1. Hot Analysis
1.1 hotspot functions
1.2 circulating hot
Format Description: hot cycle (execution count function - the total number of layers were executed)
Percentage implemented: performing hot cycle representing the ratio of this function
Function: SVD
svd.L1
(1-500-500-500-499-124750-41666500) svd.L1.1.1.1.1.1
perform percentage: 5.8%
svd.L1.1.1.1.1.2 (1-500-500 -500-499-124750-41666500)

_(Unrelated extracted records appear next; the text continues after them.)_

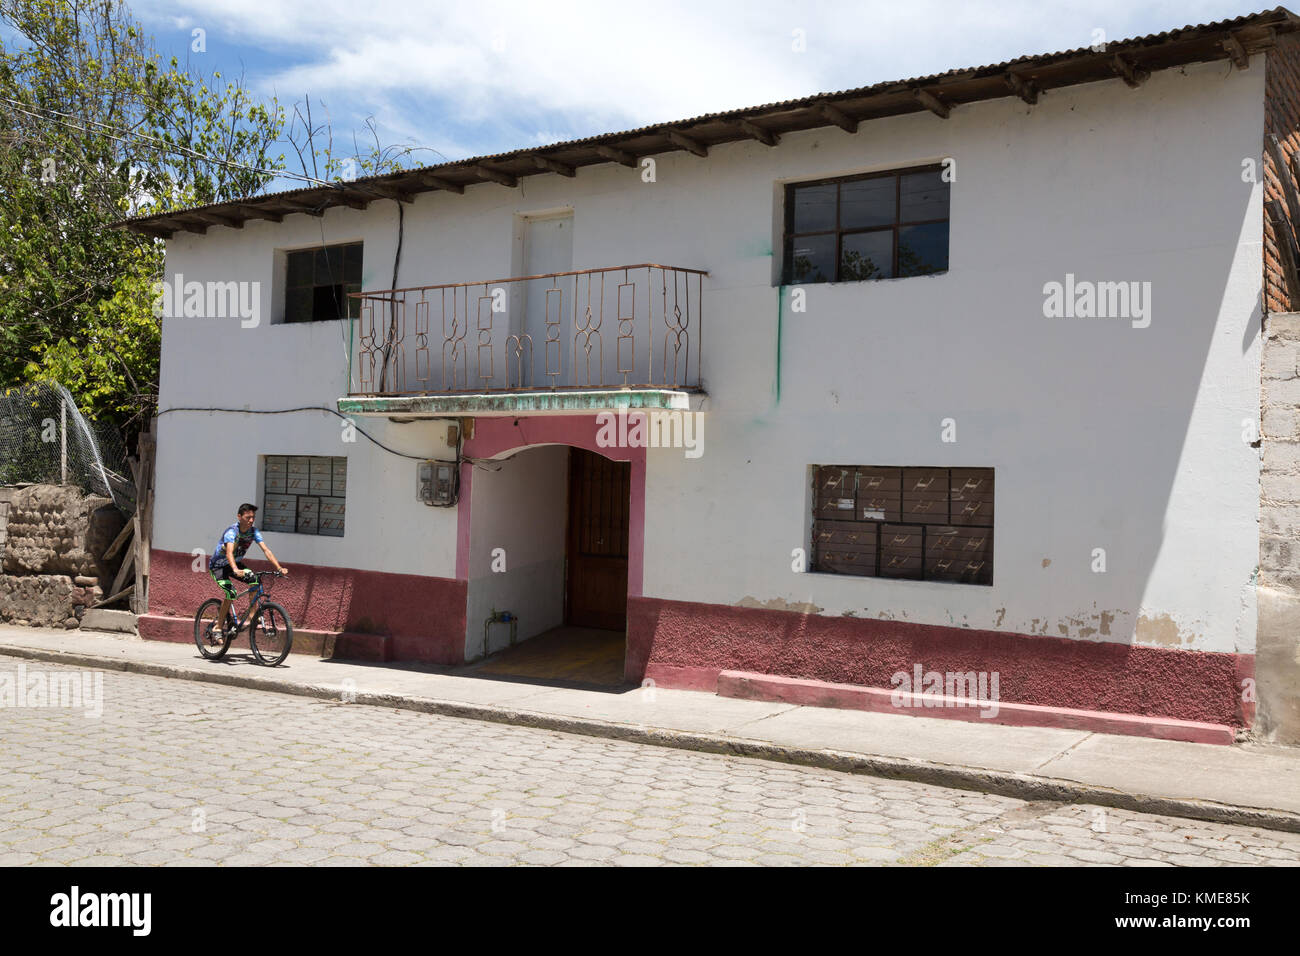 Ecuador house, Tumbabiro village, northern Ecuador, South America Stock Photo
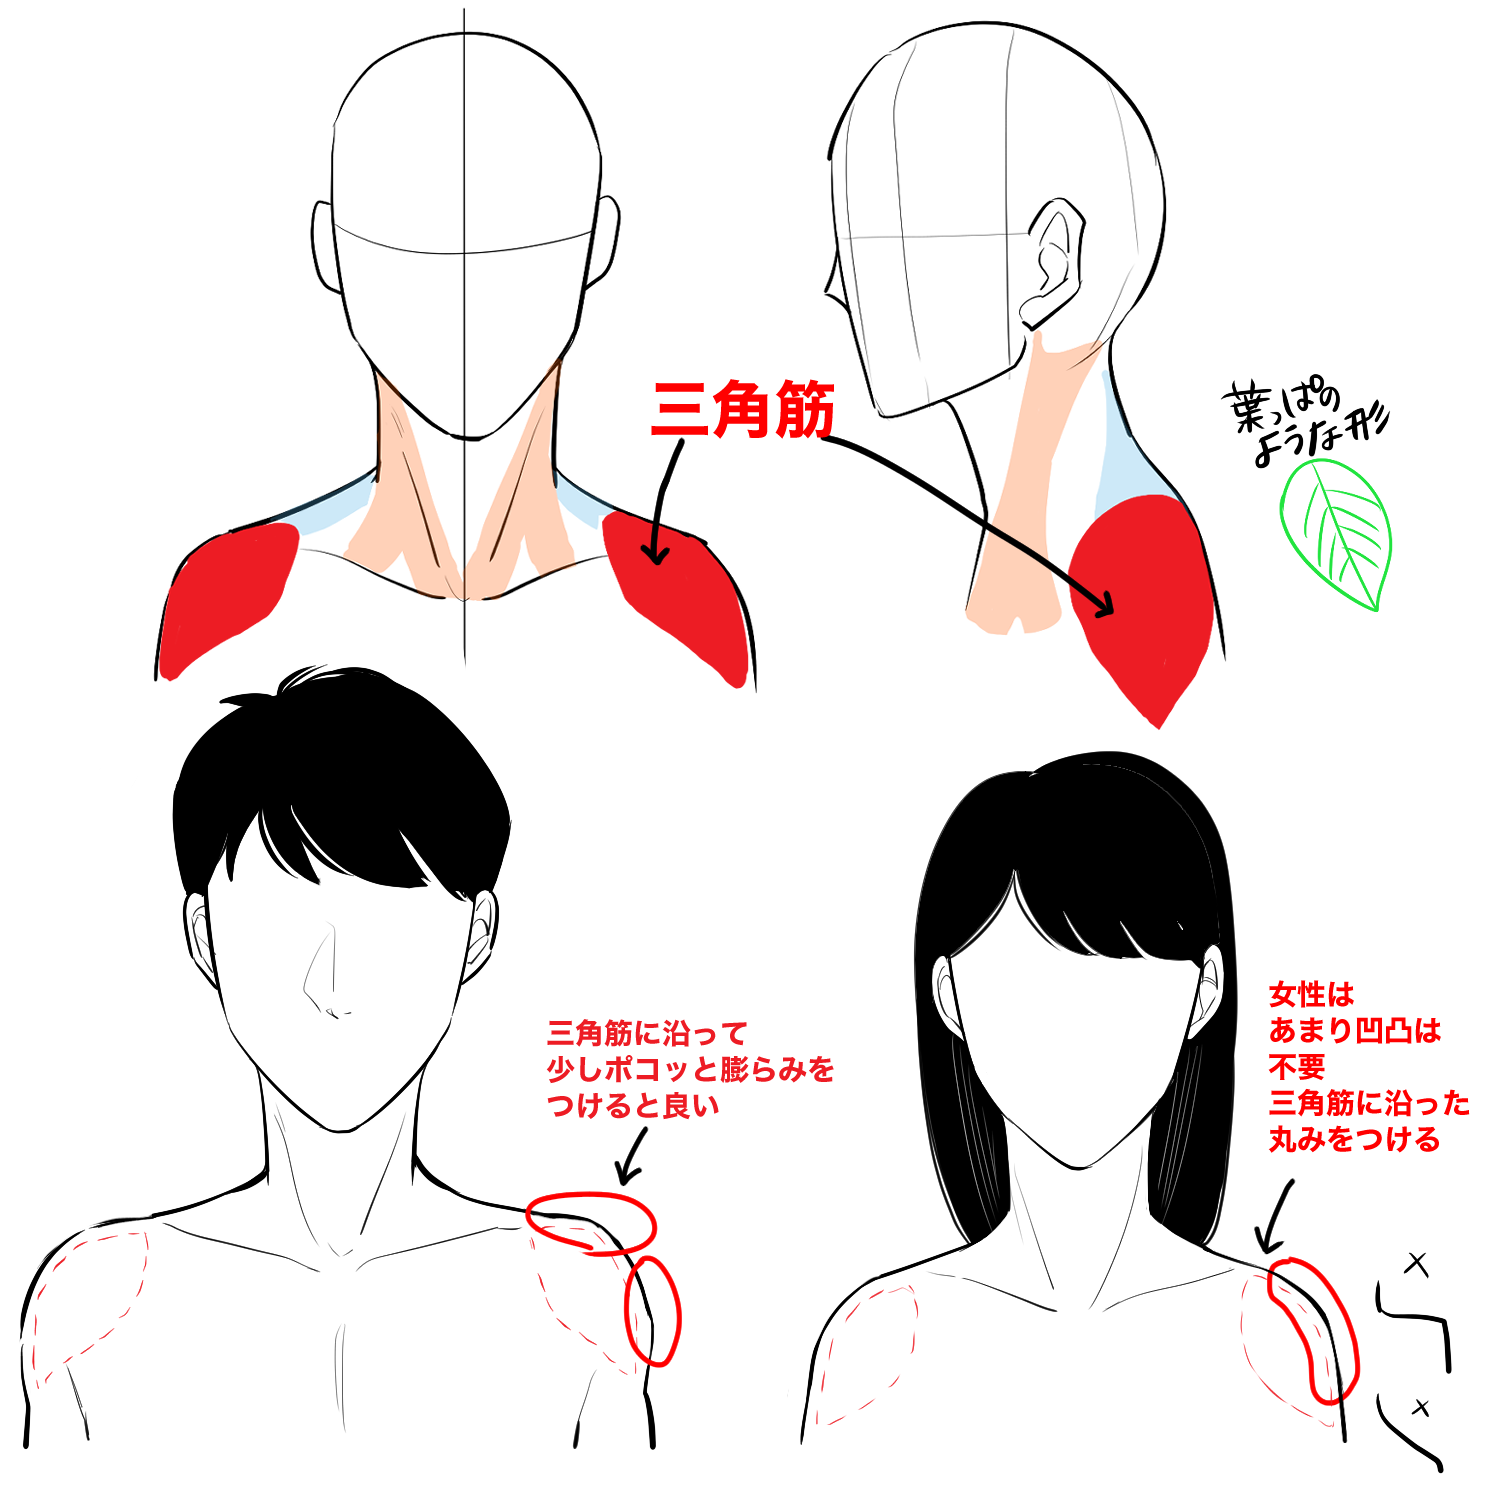 初心者向け 肩の描き方を学ぼう Medibang Paint 無料のイラスト マンガ制作ツール
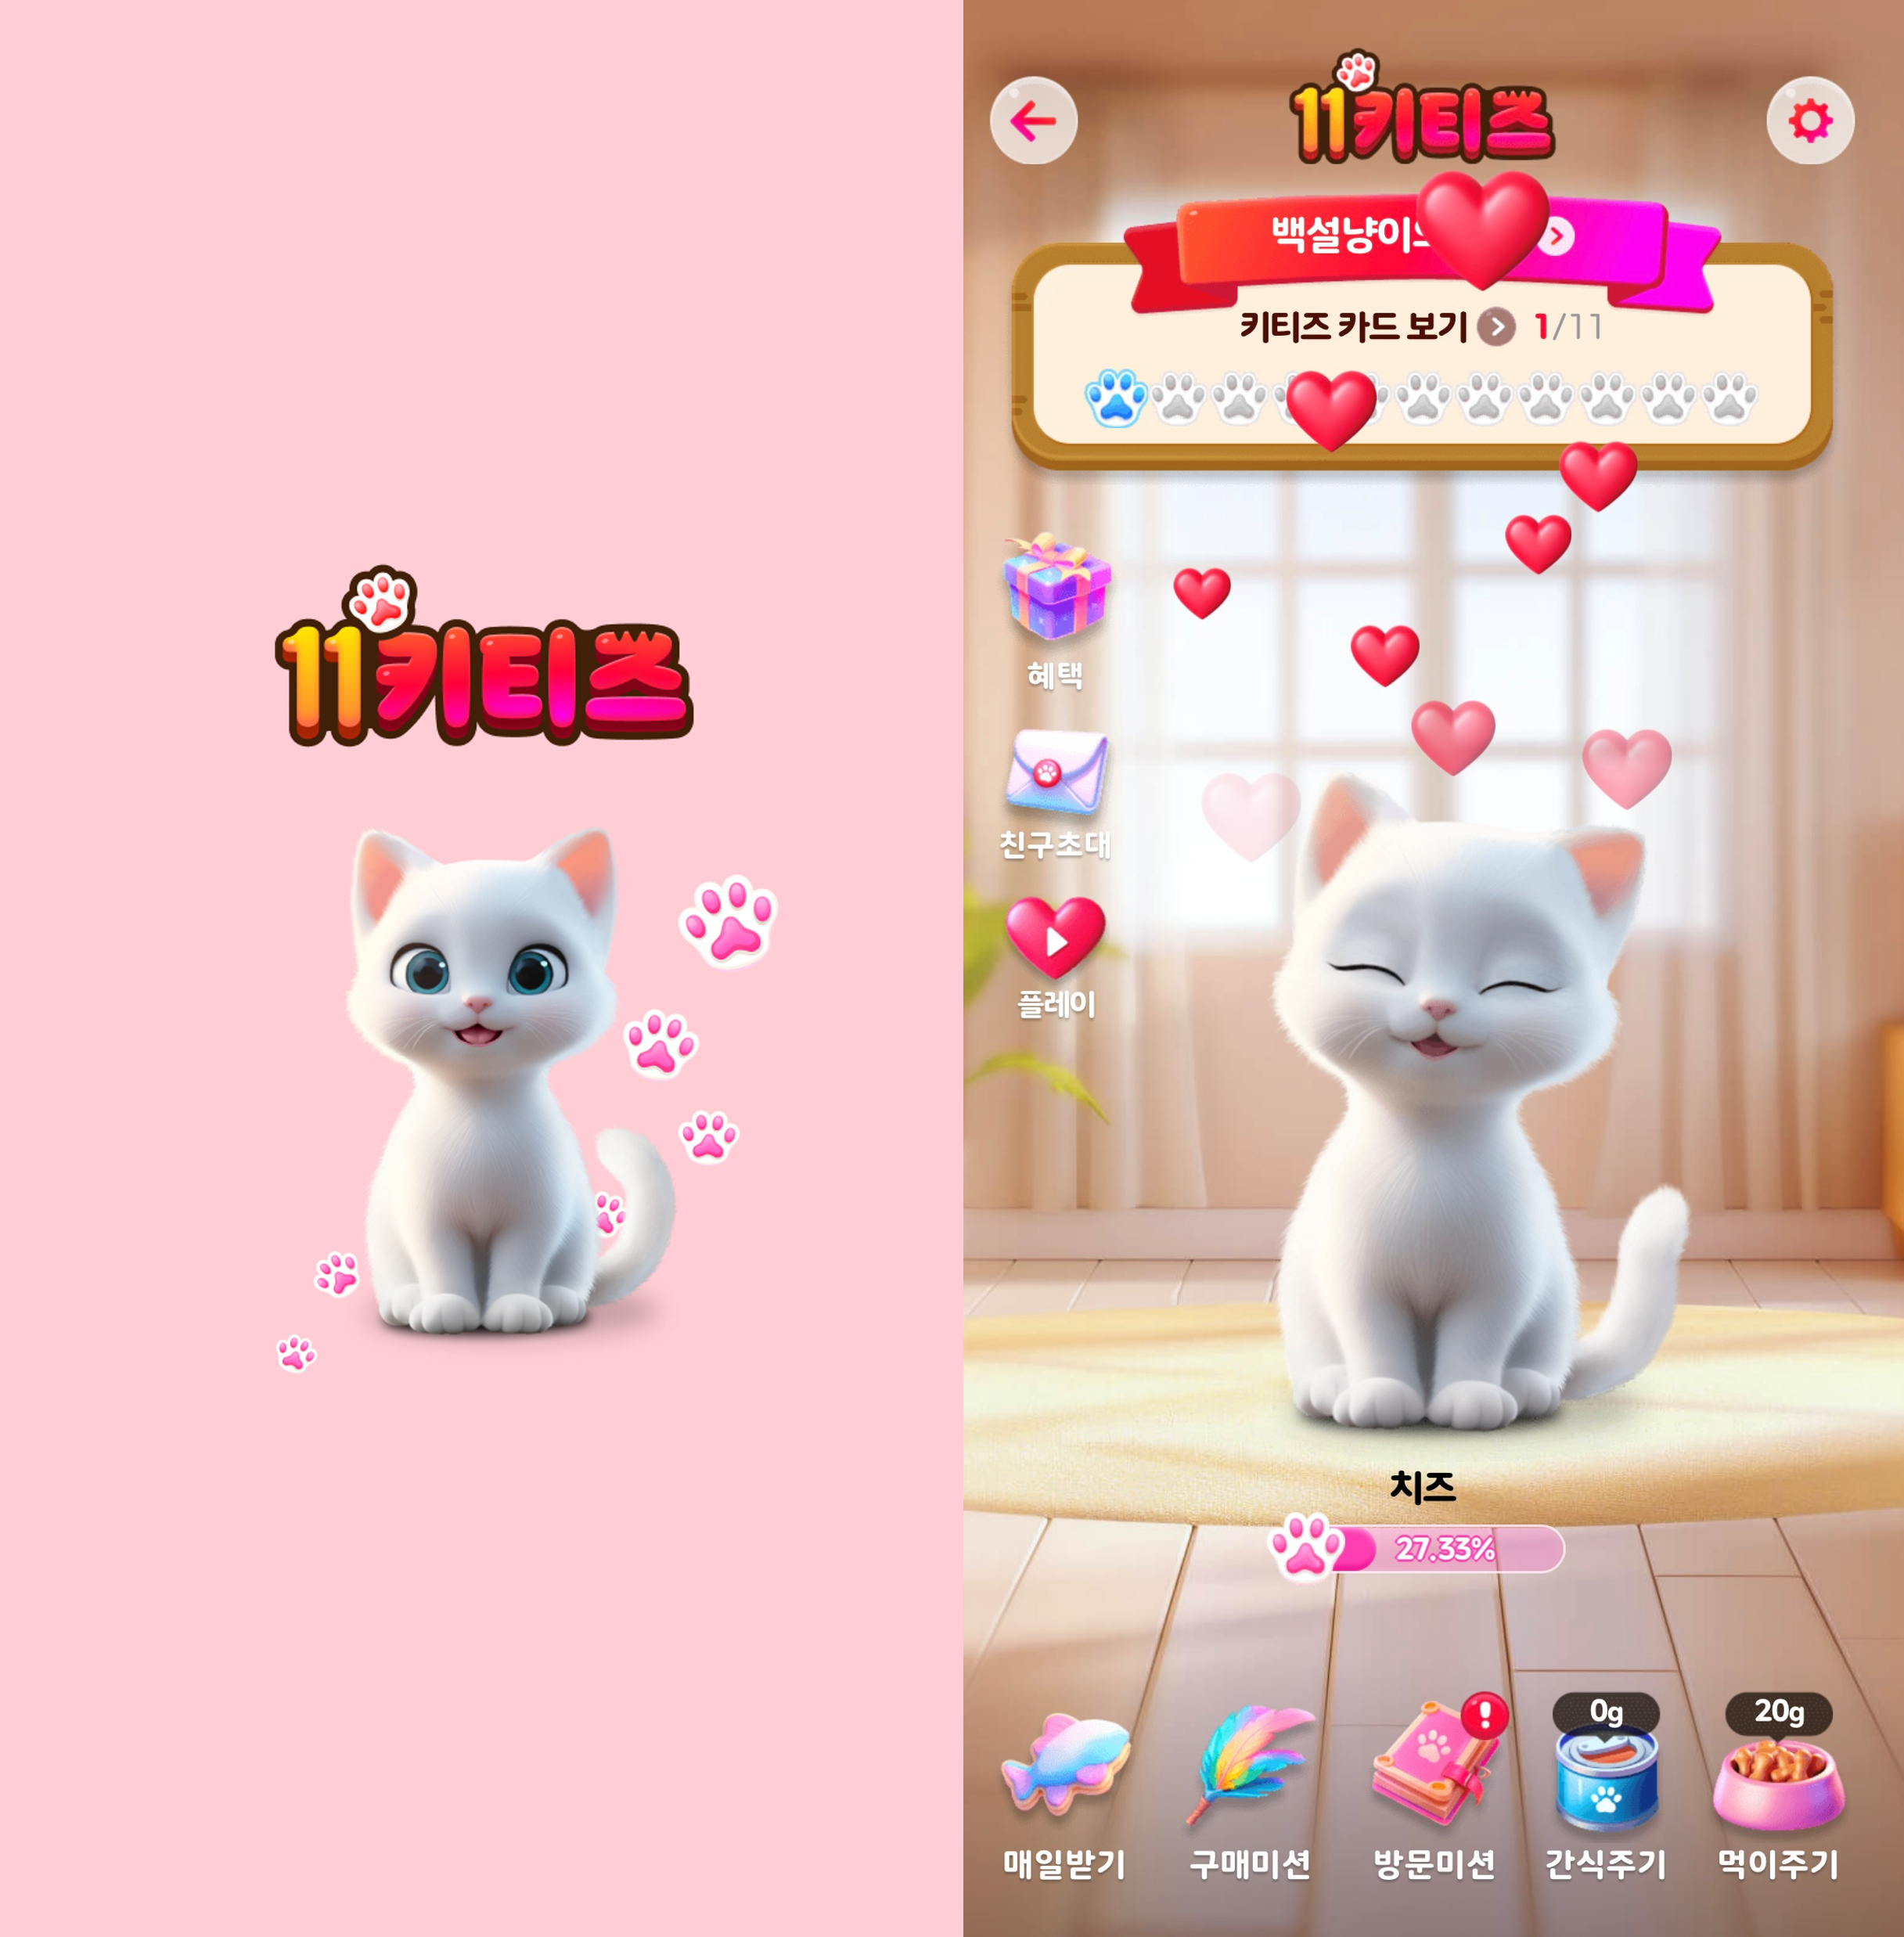 하얀색 고양이가 있는 11키티즈 게임 화면
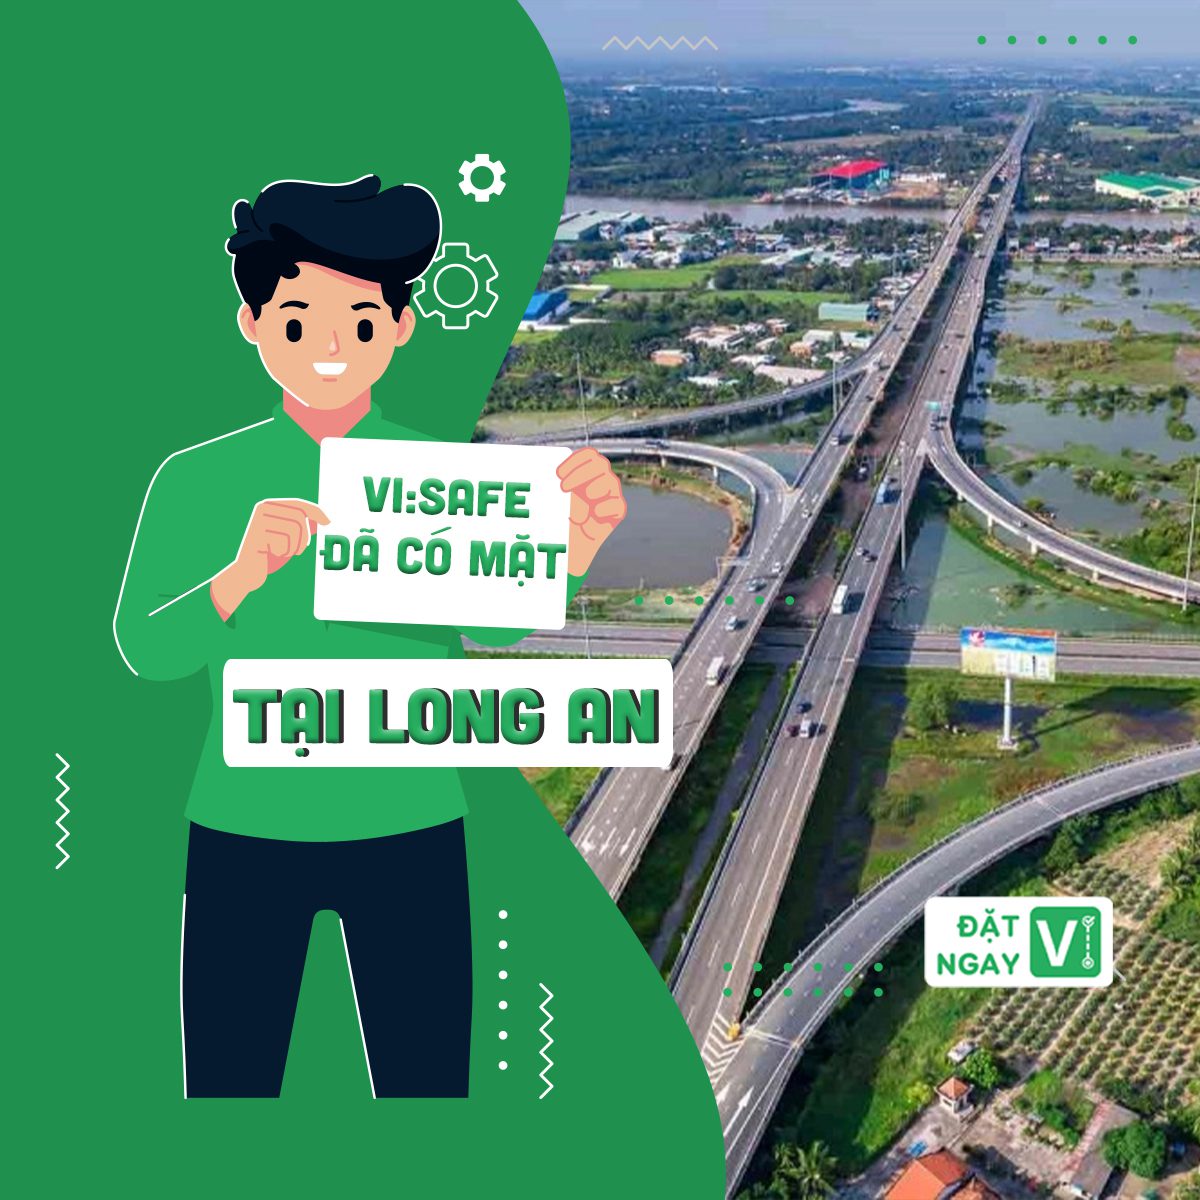 Dịch vụ thuê tài xế lái xe hộ tại Long An qua ứng dụng ViSafe

4.9%: the percentage of execution
svd.L1.2.1.1.1.1 (1-500-499-499-499-124750-41541750)
the percentage of execution: 4.7%
svd.L1.2.1.1.1 (1-500-499-499-499-124750-41541750) .2
perform percentage: 3.8%
svd.L2
svd.L2.1.1.1.1 (1-500-499-499-124750-41541750)
execute percentage: 4.7%
svd.L2.1.1.1.2 (1-500-499-499-124750-41541750)
Percentage implemented : 6.7%
svd.L3
svd.L3.1.1.1.1 (1-500-500-499-124750-41541750)
Percentage implemented:. 5%
svd.L3.1.1.1.2 (1-500-500-499-124750-41666500)
Percentage implemented : 6.3%
svd.L4
svd.L4.1.1.1 (1-500-1211-176680-88340000)
performs percentage: 25.8%
svd.L4.1.1.2 (1-500-1211-176680-88340000)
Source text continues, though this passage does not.